Media hora antes de ir a la playa

Tiempo de lectura: < 1 minuto

A un espíritu con disposiciones aéreas como el mío le molesta entrar en relaciones con lo concreto y específico: botes, barro y contabilidad. Menos mal que he cagado una mierda, joven y humeante. Éste es un placer vergonzoso, por lo común y gratuito del mismo, pero es uno de los mejores, el placer de liberarse de la carga y abonar para moscas verdes, azules y elefantásticas. Leo a Houllebecq, y devoro sus partículas elementales; el título va más allá de la metáfora y es una descripción omniabarcante y difusa de todo el libro.

Hace semanas mandé un mensaje de voz y me alegro de que no me haya respondido, en el fondo no quería quedar y estaba obedeciendo más a la versión idealizada de mi mismo que a mis deseos más primales, a los que no excuso porque fácilmente se someten al algoritmo del bikini verde, la piscina y el circulito azul de «me gusta».

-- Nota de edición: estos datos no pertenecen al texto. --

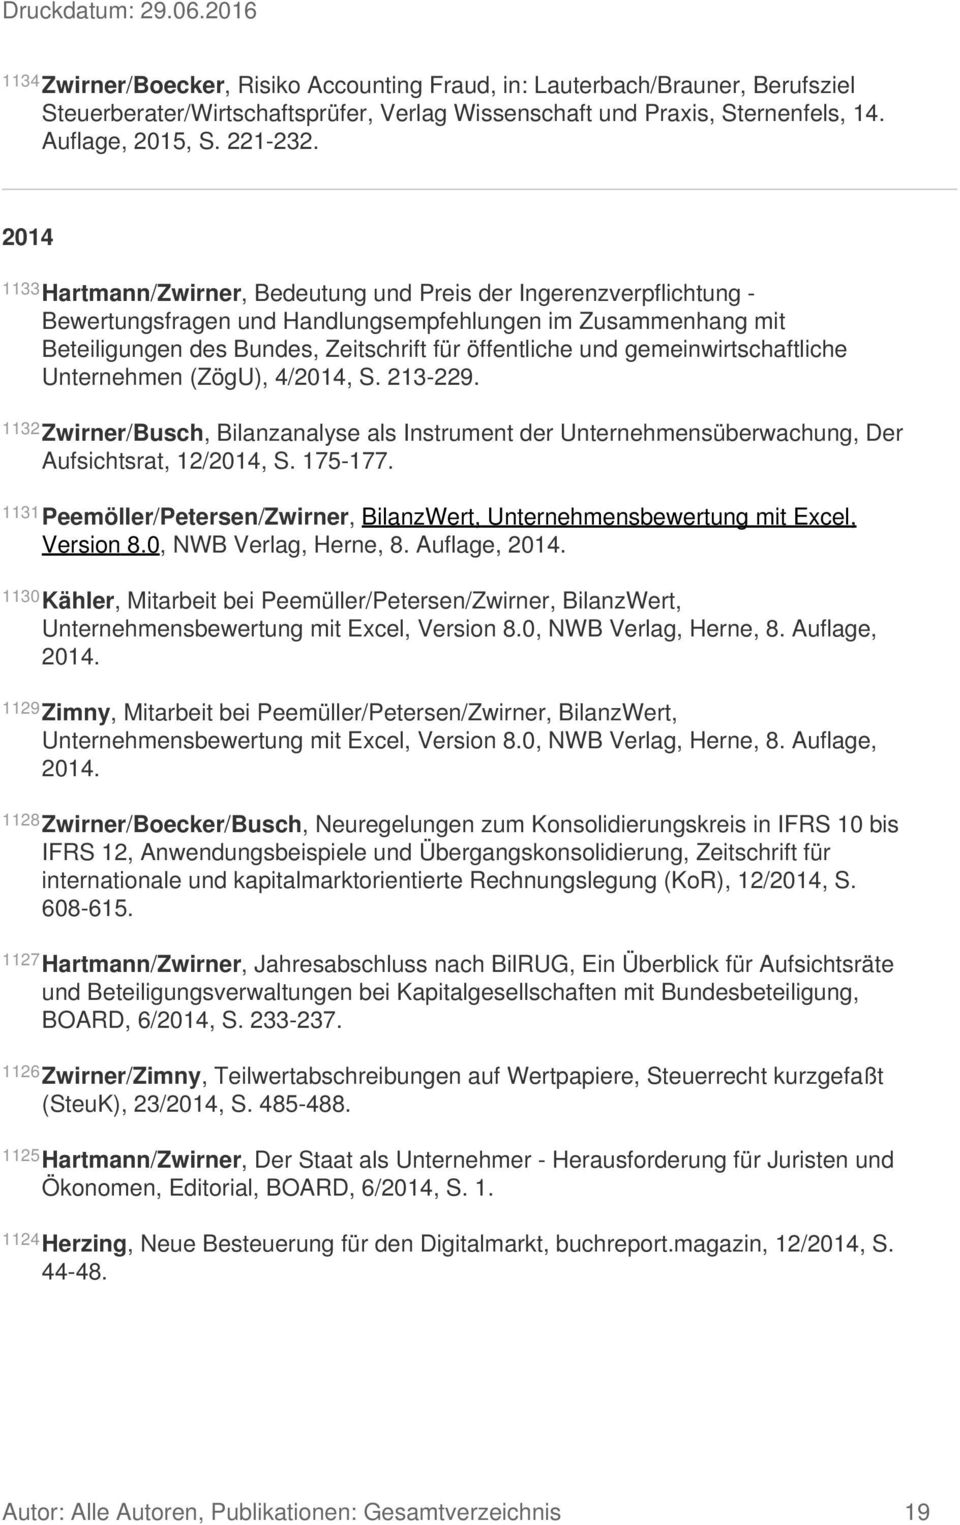 gemeinwirtschaftliche Unternehmen (ZögU), 4/2014, S. 213-229. 1132 Zwirner/Busch, Bilanzanalyse als Instrument der Unternehmensüberwachung, Der Aufsichtsrat, 12/2014, S. 175-177.

Pienso en la llaga, blanca y brillante, que abusa de mi en el borde de mi labio inferior, está propensión es herencia directa de mi padre. Todos los días la estoy rociando con el blanco y amargo fármaco. No debería estar escribiendo esto, sino haciendo ejercicios de mandíbula con el jawsrsize; me gusta morder fuerte y escupir la sangre oscura y con sabor a ocre que sale de ahí. Alimento puro para la tierra salvaje.